# EXERCISE BRIEF
Please, without the pictures, restate every entry exactly.

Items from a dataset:
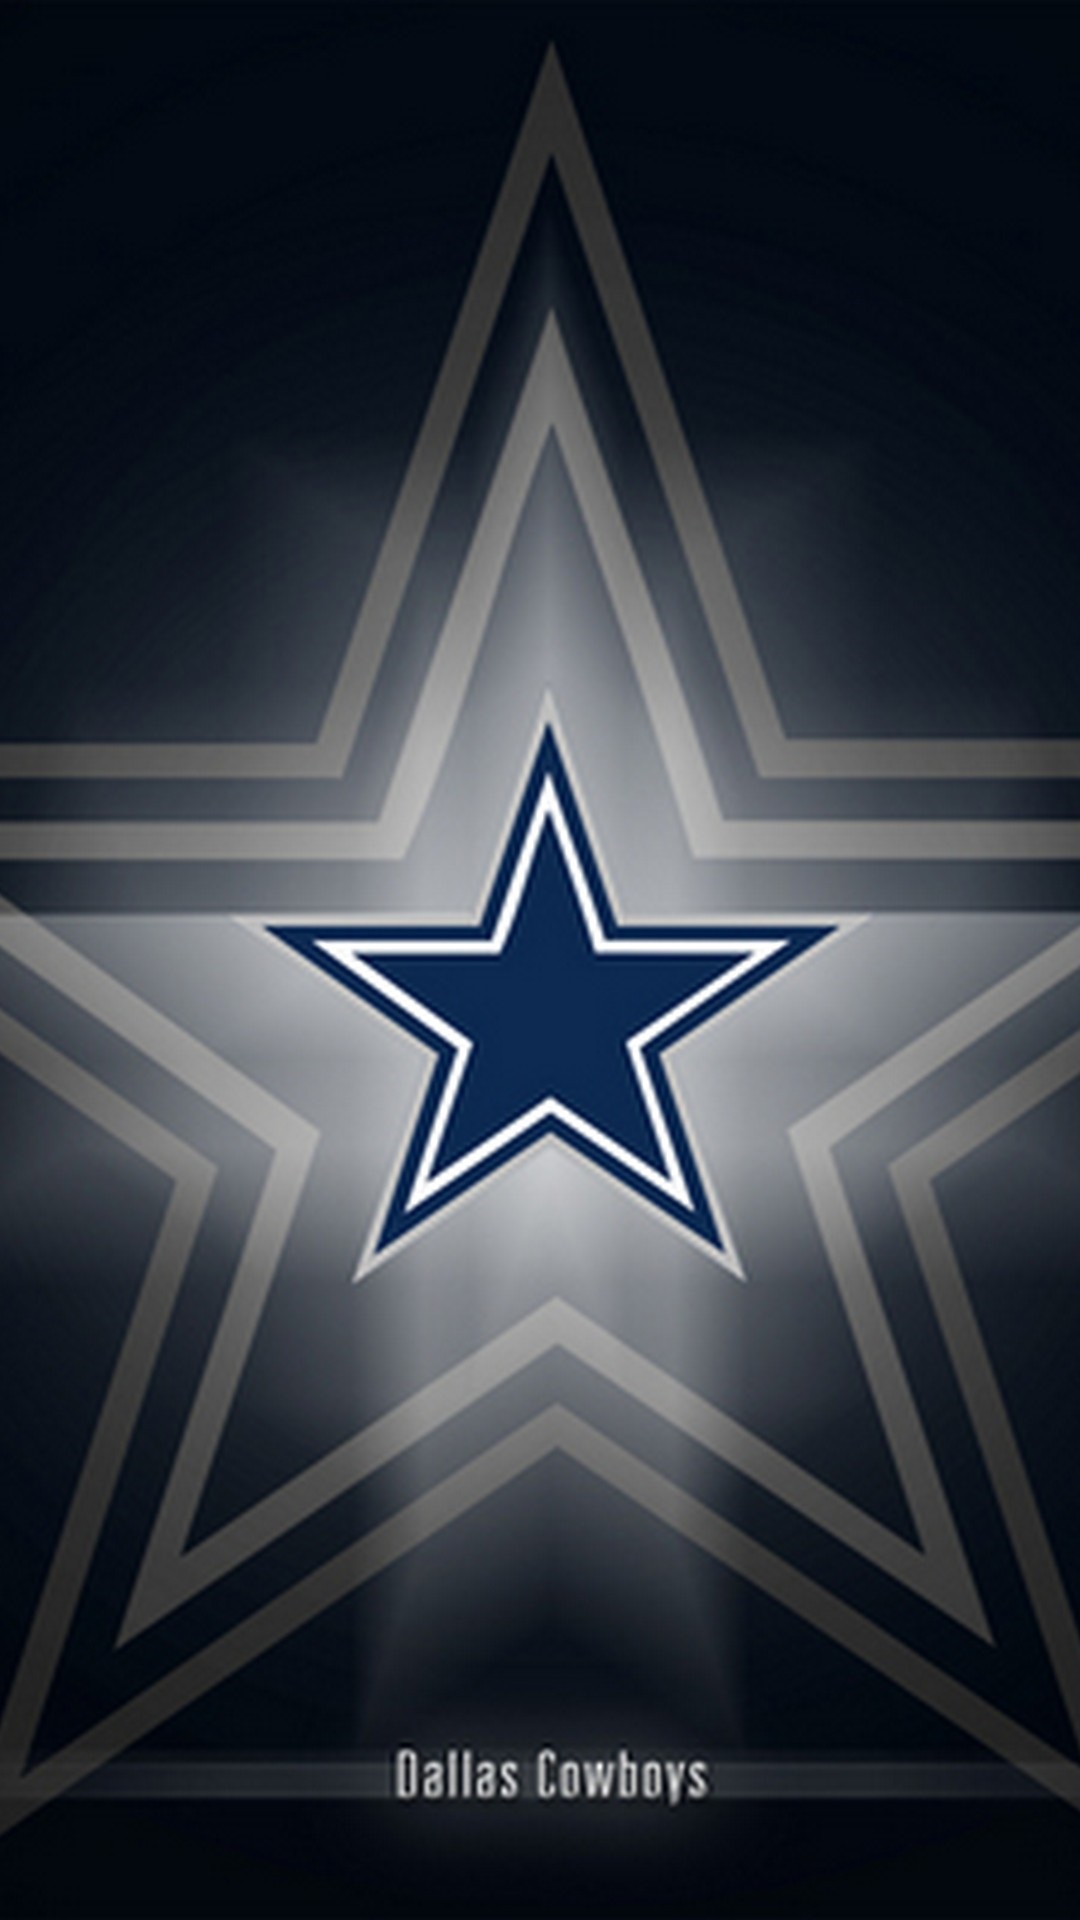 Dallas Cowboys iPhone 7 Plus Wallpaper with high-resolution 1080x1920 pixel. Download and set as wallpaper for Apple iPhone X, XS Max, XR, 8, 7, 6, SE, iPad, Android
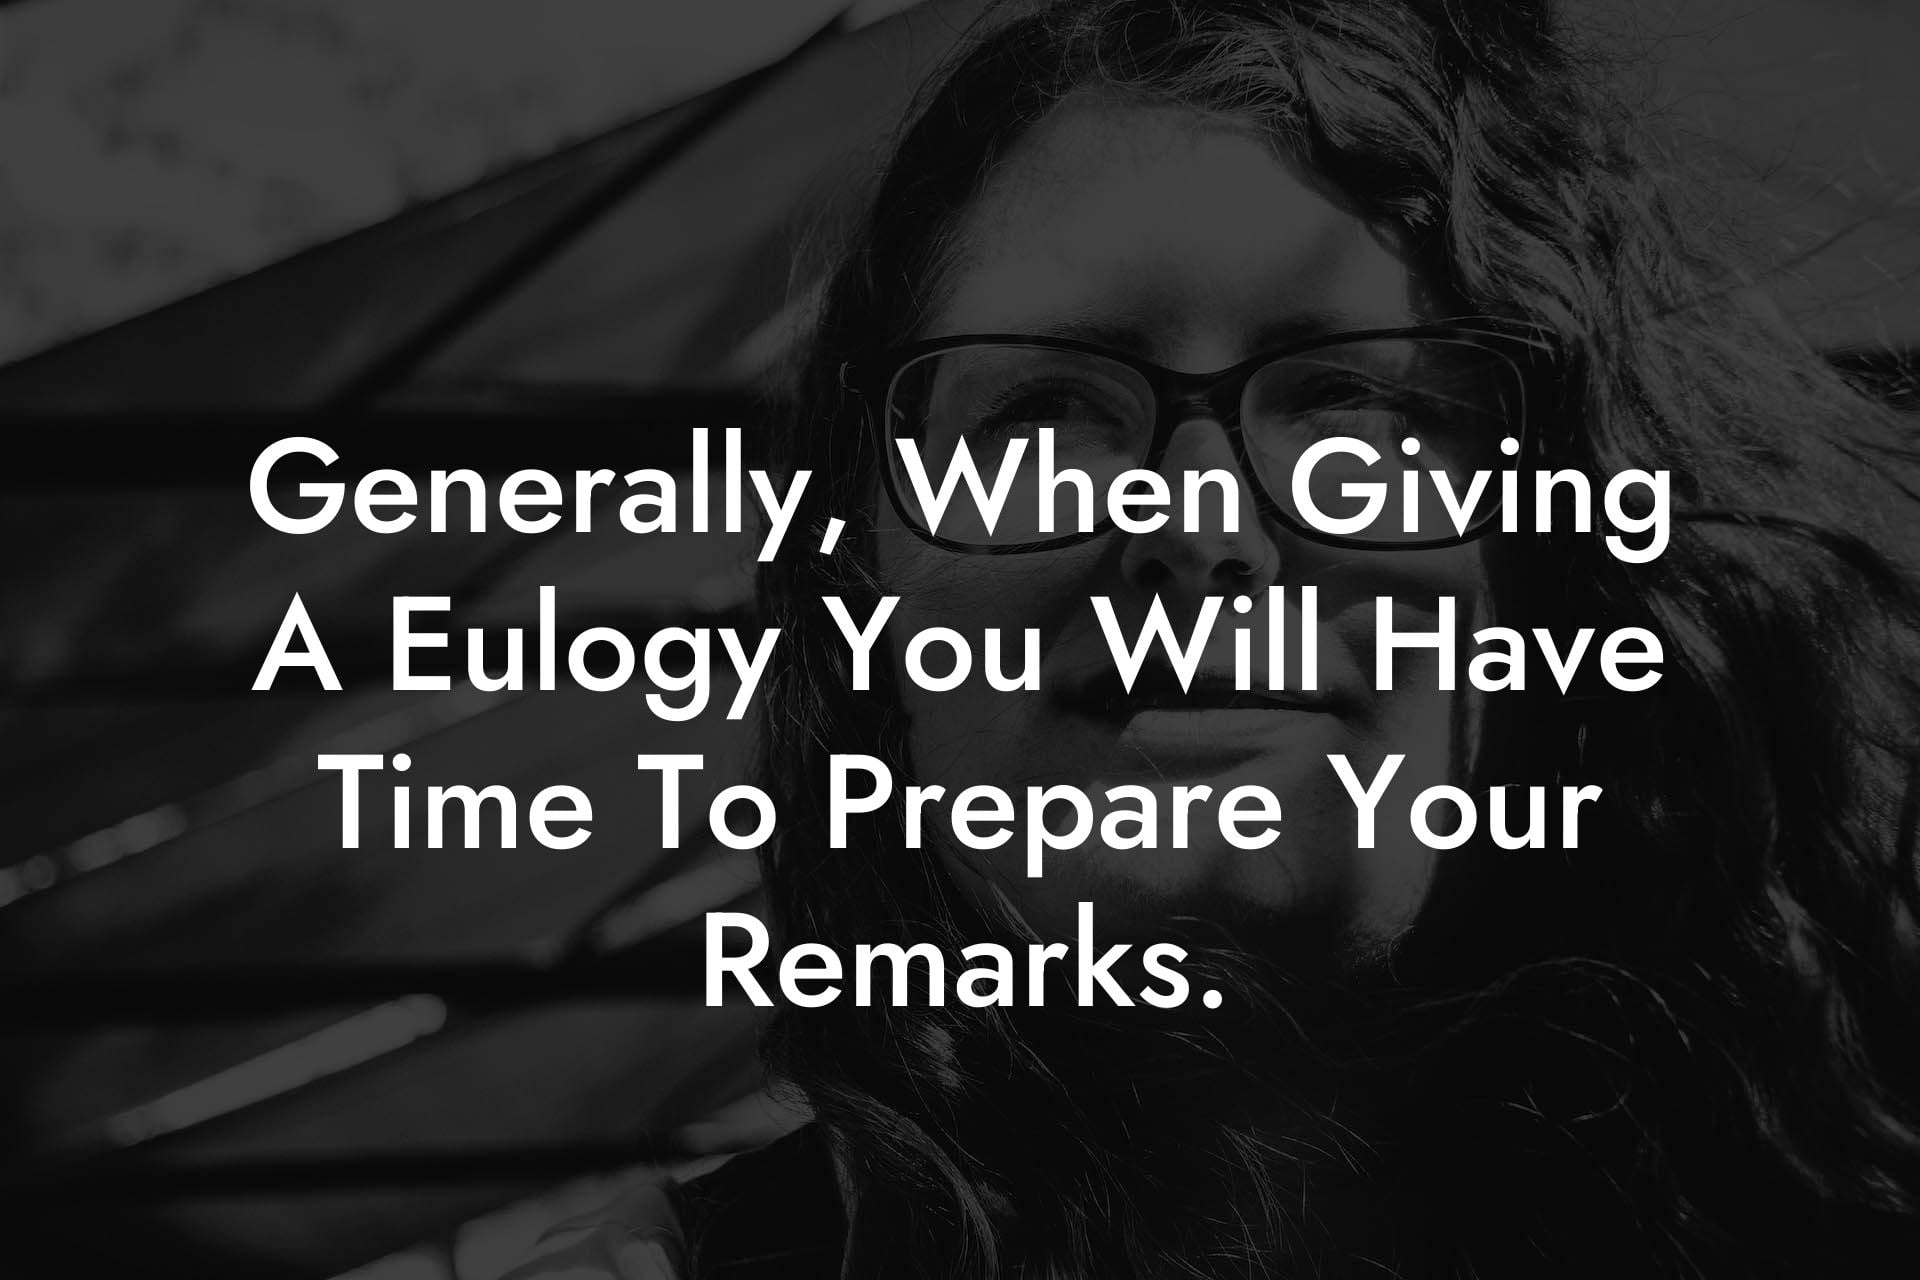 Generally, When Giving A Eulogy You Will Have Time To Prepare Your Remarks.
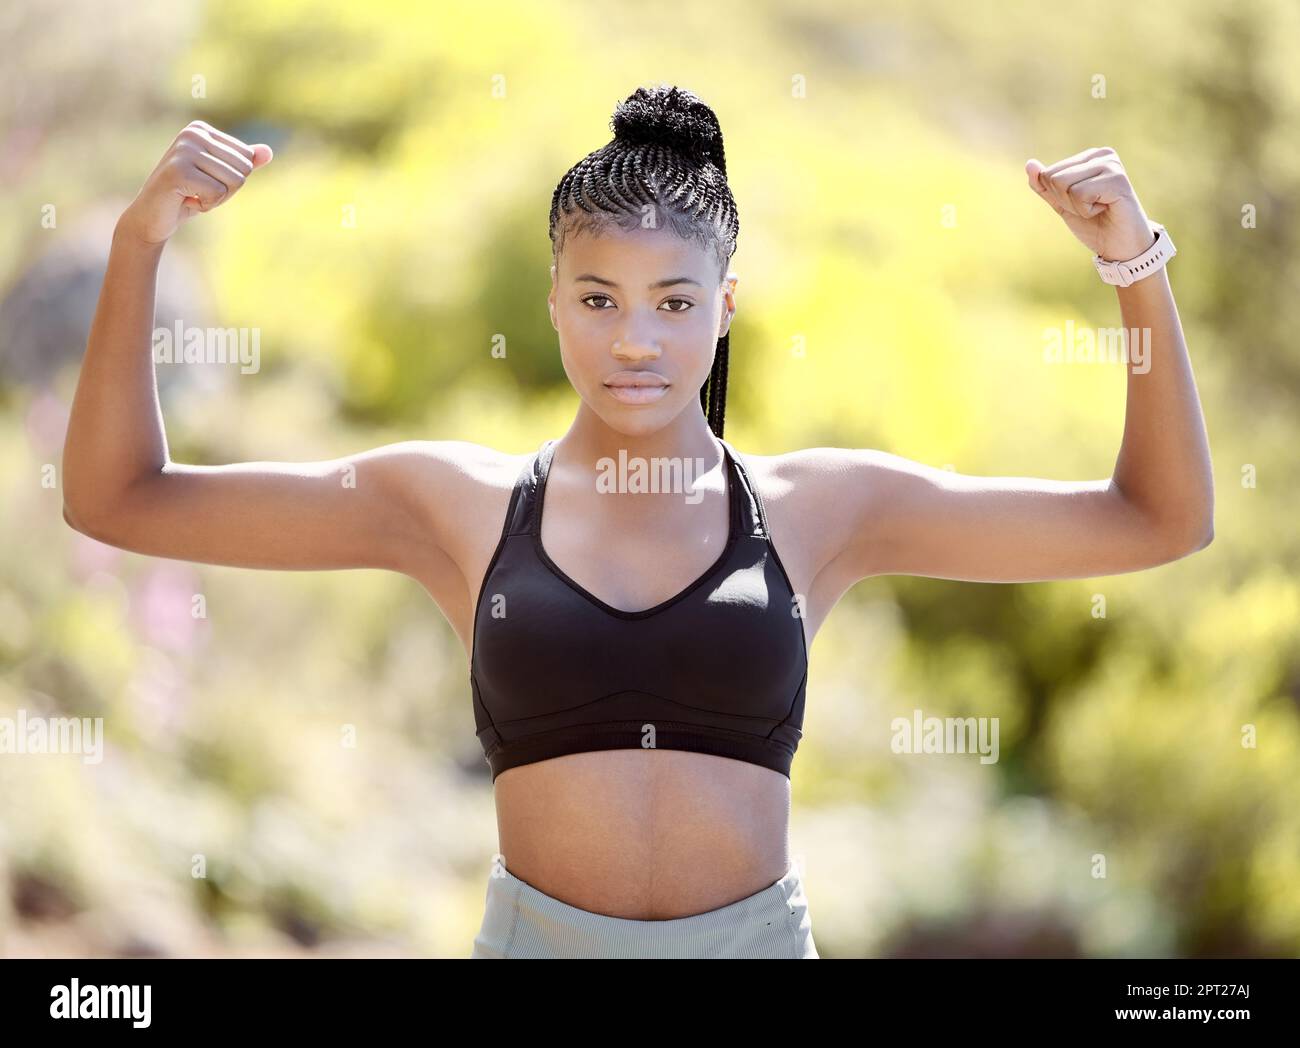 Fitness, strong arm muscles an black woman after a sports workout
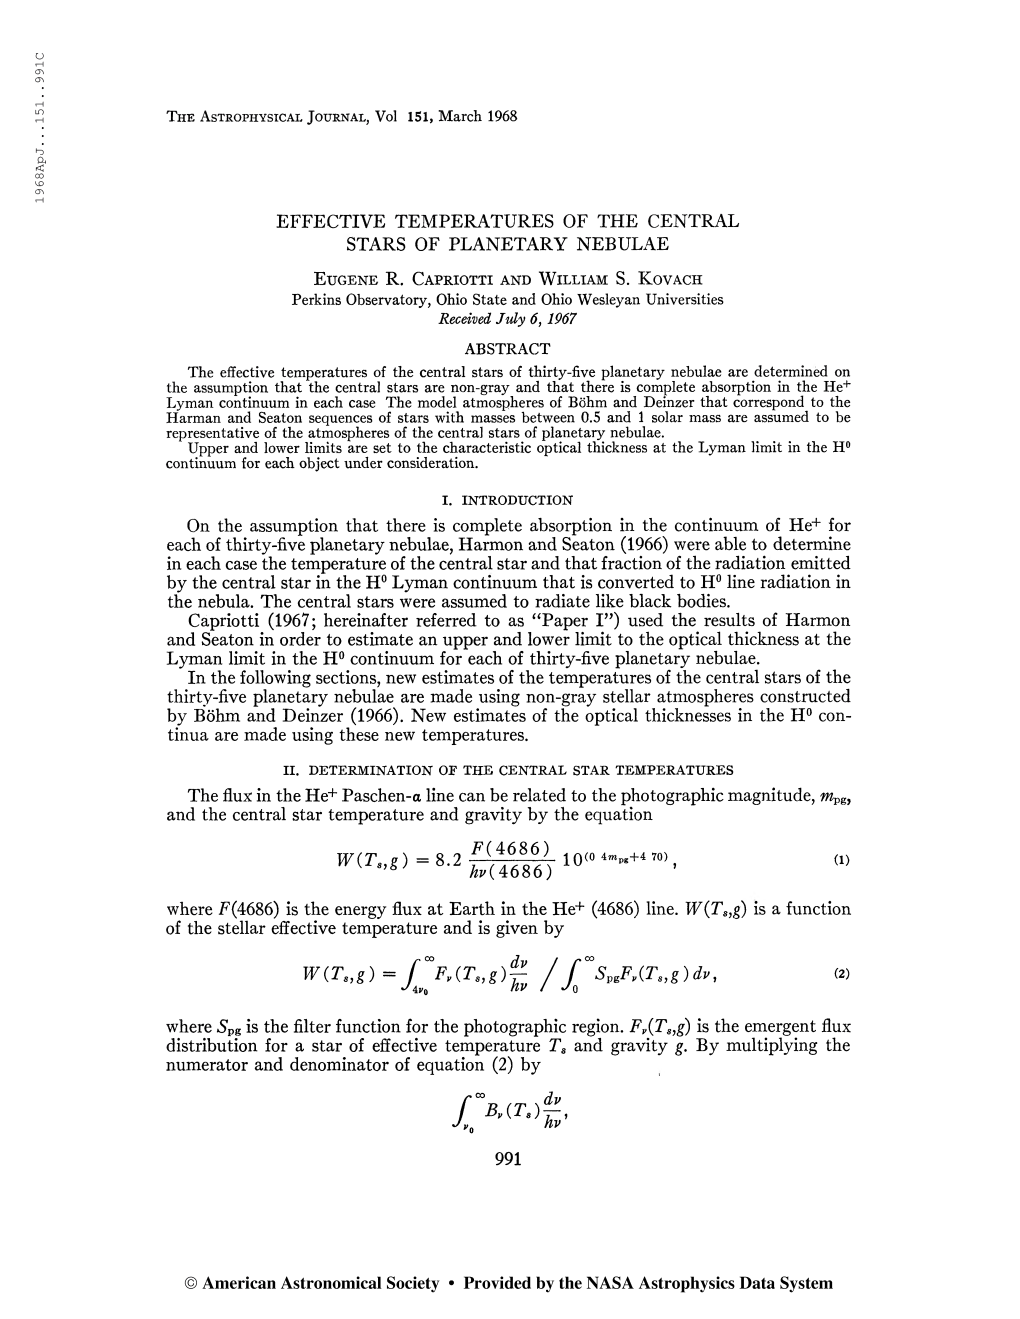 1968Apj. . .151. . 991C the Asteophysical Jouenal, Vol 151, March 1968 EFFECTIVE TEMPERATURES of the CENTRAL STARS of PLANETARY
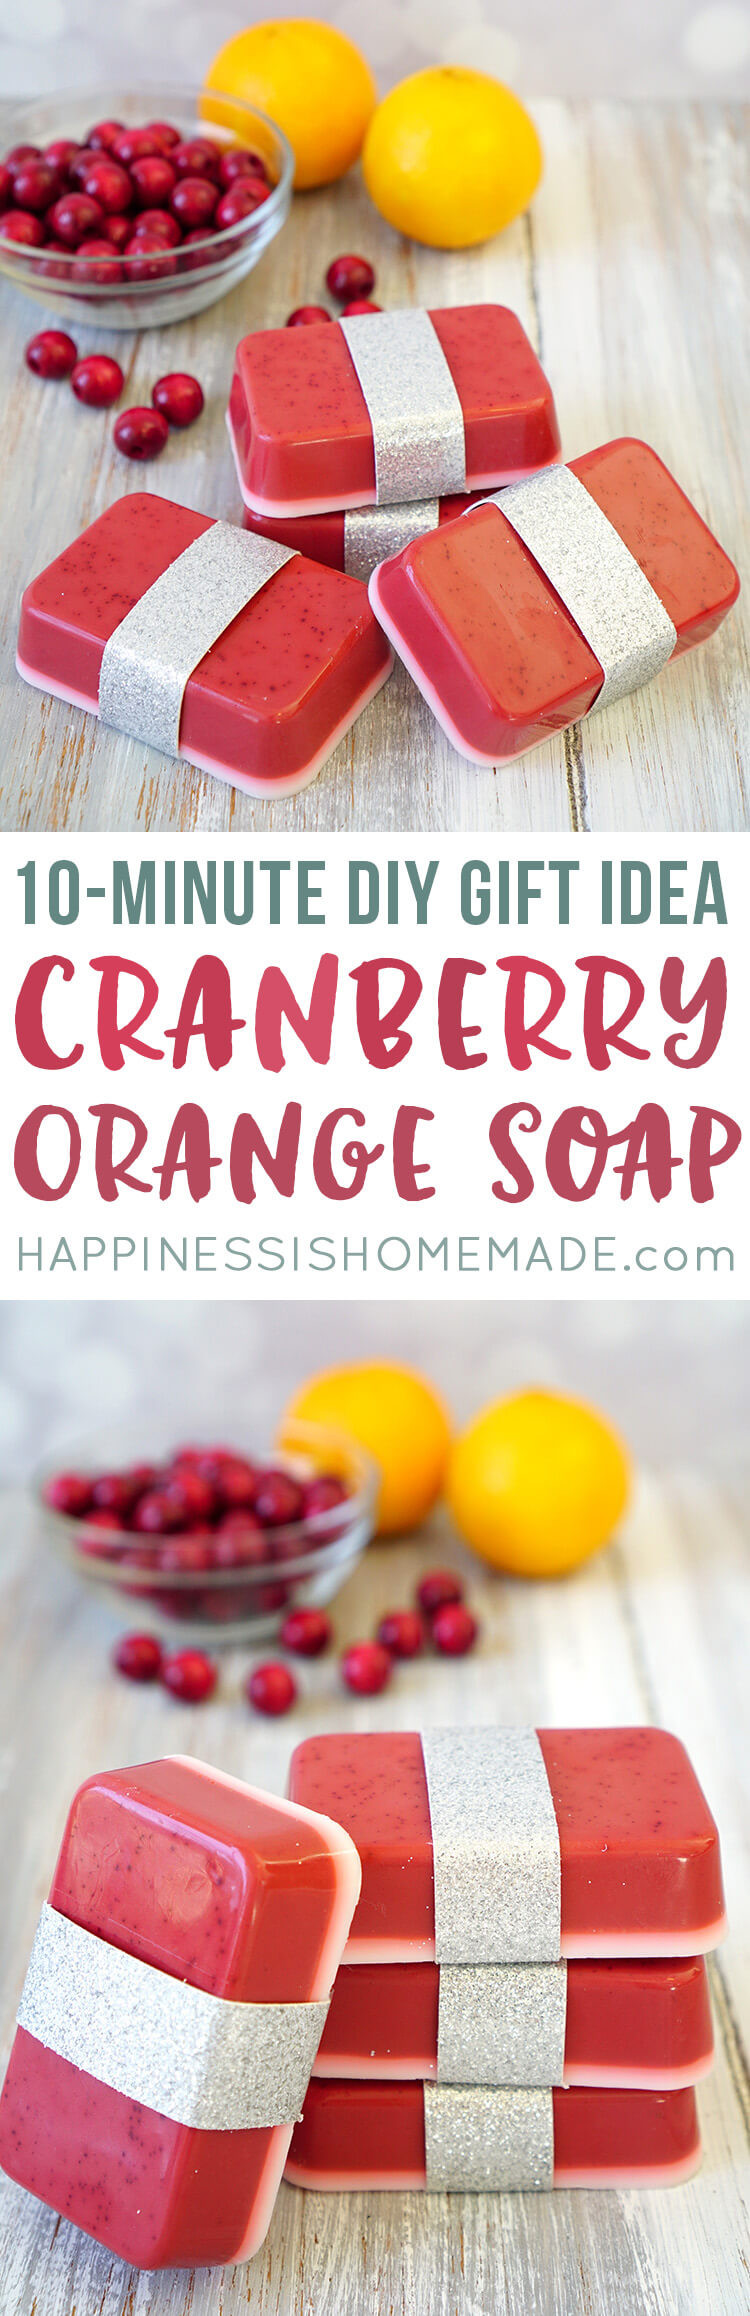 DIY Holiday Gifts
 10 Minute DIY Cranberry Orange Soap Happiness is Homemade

# ANSWER SPACE
 Dallas Cowboys iPhone 7 Plus Wallpaper with high-resolution 1080x1920 pixel. Download and set as wallpaper for Apple iPhone X, XS Max, XR, 8, 7, 6, SE, iPad, Android
 Generally, When Giving A Eulogy You Will Have Time To Prepare Your Remarks.
 Fitness, strong arm muscles an black woman after a sports workout
 1968Apj. . .151. . 991C the Asteophysical Jouenal, Vol 151, March 1968 EFFECTIVE TEMPERATURES of the CENTRAL STARS of PLANETARY
 DIY Holiday Gifts
 10 Minute DIY Cranberry Orange Soap Happiness is Homemade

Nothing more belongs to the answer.